Editor’s note: NeuGroup’s online communities provide members a forum to pose questions and give answers. Talking Shop shares valuable insights from these exchanges, anonymously. Send us your responses: [email protected].
Context: Fraud risk assessments performed by internal auditors are designed to identify a company’s vulnerabilities to internal and external fraud, including embezzlement, asset misappropriation, misstatement of financial information, corruption and cybercrime. According to a position paper by The Institute of Internal Auditors, “organizations should have robust internal control procedures to limit the risk of fraud, and internal audit’s role is to assess these controls.”
- A fraud risk management guide produced by the Committee of Sponsoring Organizations (COSO) and the Association of Certified Fraud Examiners (ACFE) states that organizations perform “comprehensive fraud risk assessments to identify specific fraud schemes and risks, assess their likelihood and significance, evaluate existing fraud control activities, and implement actions to mitigate residual fraud risks.”
Member question: “Have you typically completed fraud risk assessments based on a company-wide perspective or have you started with a smaller group or portion of the business? IA has not executed one at my company since I have been here, so I’m looking for how this has been approached elsewhere to determine if we can narrow the scope.”
Peer answer 1: “We do a company-wide fraud risk assessment via survey and leverage the ACFE model, tailored for our business. While we include functions across the company, we only survey 55 to 60 cross-functional representatives to complete the survey.”
Peer answer 2: “We do a company-wide one for Sarbanes-Oxley (SOX) focused on financial reporting fraud risk. For operational fraud risk, it’s audit by audit (we require every team to assess fraud risk in the risk control matrix). We just completed a procurement fraud review which was basically a procurement fraud risk assessment plus walk-throughs of key controls.”

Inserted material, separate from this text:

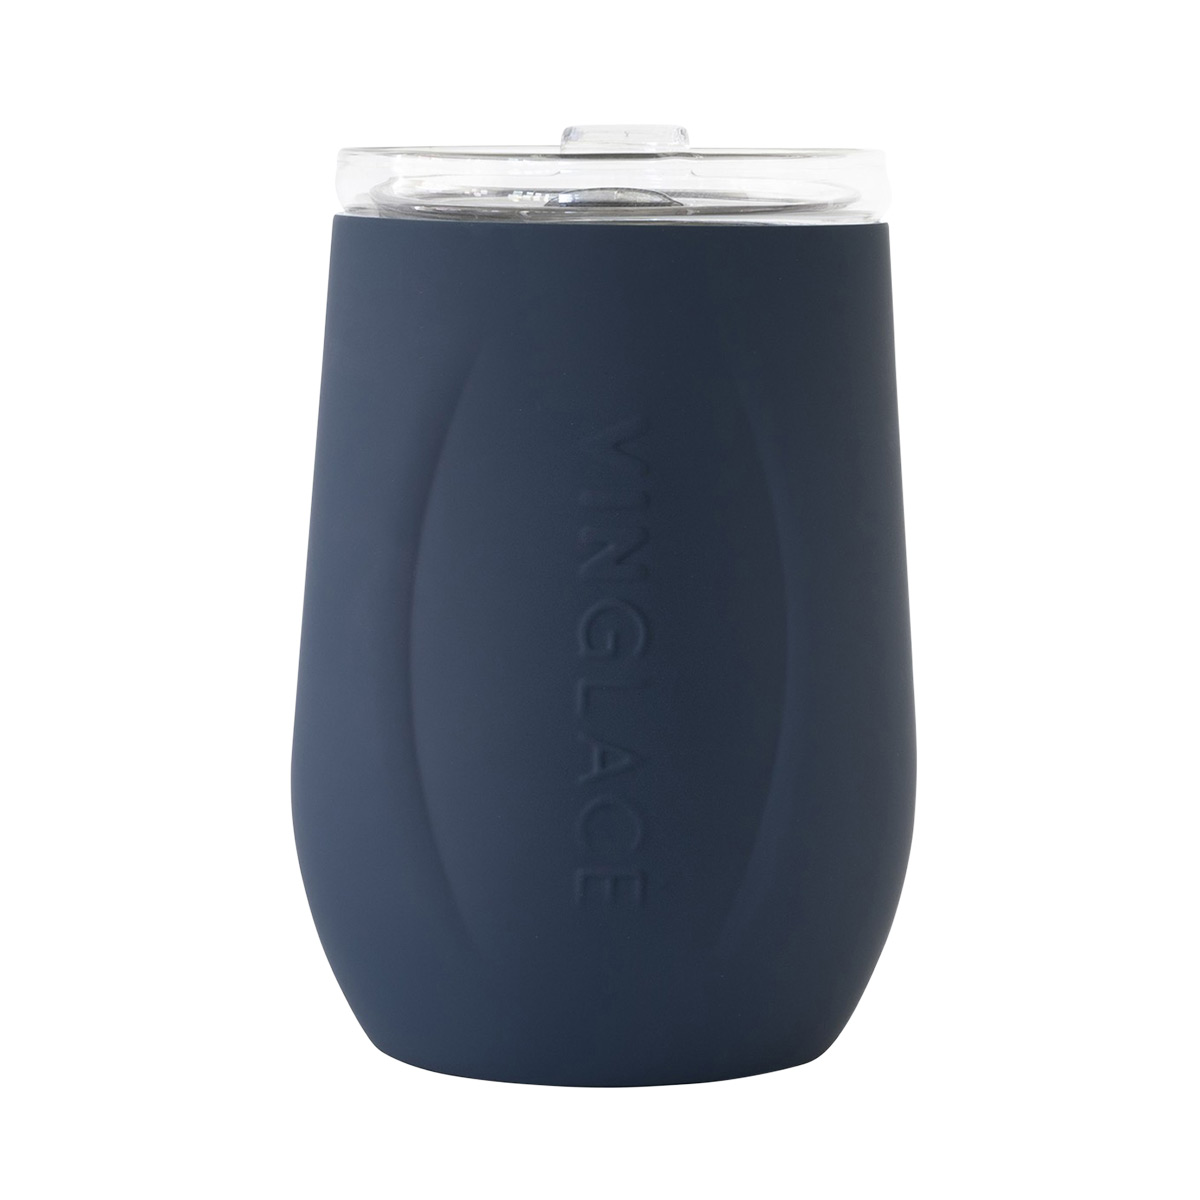 https://www.containerstore.com/catalogimages/487921/10095096-NAVY-WINE-WHITE-GROUNG-ven1.jpg

Peer answer 3: “Rather than focus on groups or portions of the business, we do ours based on a combination of 23 general fraud schemes that are applicable, e.g., channel partner fraud, government contract noncompliance, manipulation of estimates/reserves, off-balance sheet activity, expense reimbursements), results of relevant investigations that occurred during the year, and emerging trends.
- “We then assign a risk level to each, identify risk mitigations (primarily by mapping them to existing SOX controls), and then flag the schemes with no or insufficient mitigating activities and controls. The flagged areas are either escalated to management for consideration of new risk mitigations or considered as auditable areas as we develop and update our audit plan.”
Peer answer 4: “Our fraud risk assessments are conducted annually with a company-wide perspective to satisfy our entity-level SOX control and to give EY info to modify their audit scope if needed. This approach involves:
- “Considering enterprise risk management assessment results.
- “Conducting surveys to gauge employees’ perspectives on the company’s fraud risk management as well as the company culture on fraud.
- “Identifying processes with high inherent fraud risks for focused analytics. There were 11 this year, but we did analytics on higher inherent risks and where actual fraud happened, assessing the effectiveness of existing controls for these areas.”
NeuGroup Insights asked the member who posed the question for an update. She said, “We have decided to move forward with a company-wide fraud risk assessment in order to perform a more comprehensive assessment. We have not begun the project yet, so there is a possibility the scope will be narrowed slightly.
- “The approach will be to conduct three to five brainstorming sessions with cross-functional groups to obtain input on possible fraud risks and scenarios. In future years, perhaps, I would hope we transition to a survey approach, but that is just a preliminary thought.”